Education provides hope. People need to be taught.

Second, you need to teach.

Never stop teaching, because you need to teach. You are not a teacher because you have a certification, or because you get a paycheck, or even because a bell rings and students file into your classroom. You are a teacher because that’s who you are. God gave you the gifts, abilities, and opportunities to teach others. You teach because you are a teacher. You need to teach.

2. Never Stop Learning

My first challenge to educators is never stop teaching. The second one is just as important — never stop learning!

Henry H. Haskins has said, “The man who is too old to learn was probably always too old to learn.” Learning and living are directly linked. When we stop really learning, we stop really living. There is always something new to learn. Your primary subject or area of expertise is always changing and you can never learn it all. Beyond that, you want to learn new hobbies, stretch yourself to see new perspectives, and push yourself to discover new ideas. Will Durant is a philosopher who once pointed out, “Sixty years ago I knew everything; now I know nothing. Education is a progressive discovery of our own ignorance.”

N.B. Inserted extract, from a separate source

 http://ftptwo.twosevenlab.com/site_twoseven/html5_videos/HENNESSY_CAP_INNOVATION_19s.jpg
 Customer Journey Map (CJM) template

Meaningful teaching that has a lasting impact on the learners is much more than handing off information. It goes well beyond the explanation of principles or the completion of a curriculum. The best teaching takes place when the students receive from the overflow of what the teacher is learning. You want to offer your students the opportunity to drink from a flowing fountain rather than try to force them to drink from a stagnant pool.

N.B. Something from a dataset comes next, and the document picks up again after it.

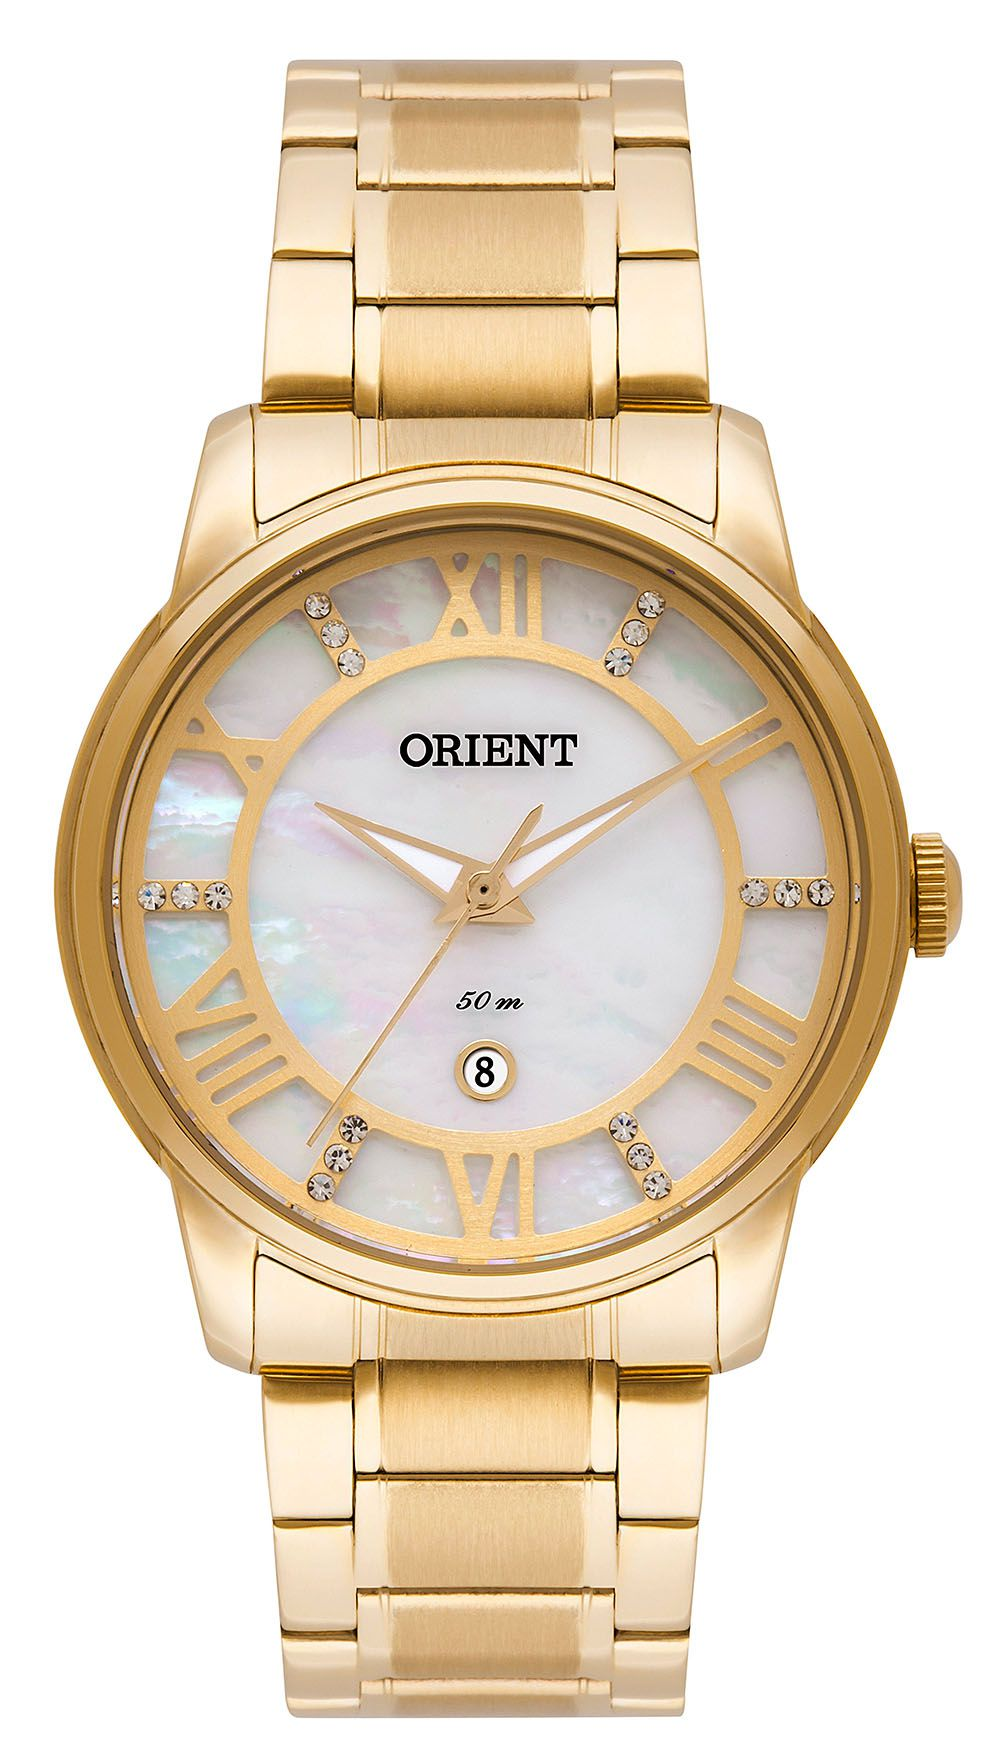 Relógio Orient Feminino FGSS1148-B3KX Dourado

Never stop teaching, never stop learning, and —

3. Never Stop

Even when life is hard, don’t give in, don’t give up. Don’t sit and quit! Keep living. Keep pushing. Like they used to say in the ’70s, keep on keeping on! Robert Orben advises, “If you’re ever tempted to give up, think of Brahms who took seven long years to compose his famous Lullaby. He kept falling asleep at the piano.”

Exercise three things every day: your body, your mind, and your will. It is that kind of exercise regimen that will keep you going.

When life is easy, run toward your next destination. When life is hard, keep walking in the right direction. When life seems impossible, take one more step. Even if one step is all you have left, never stop!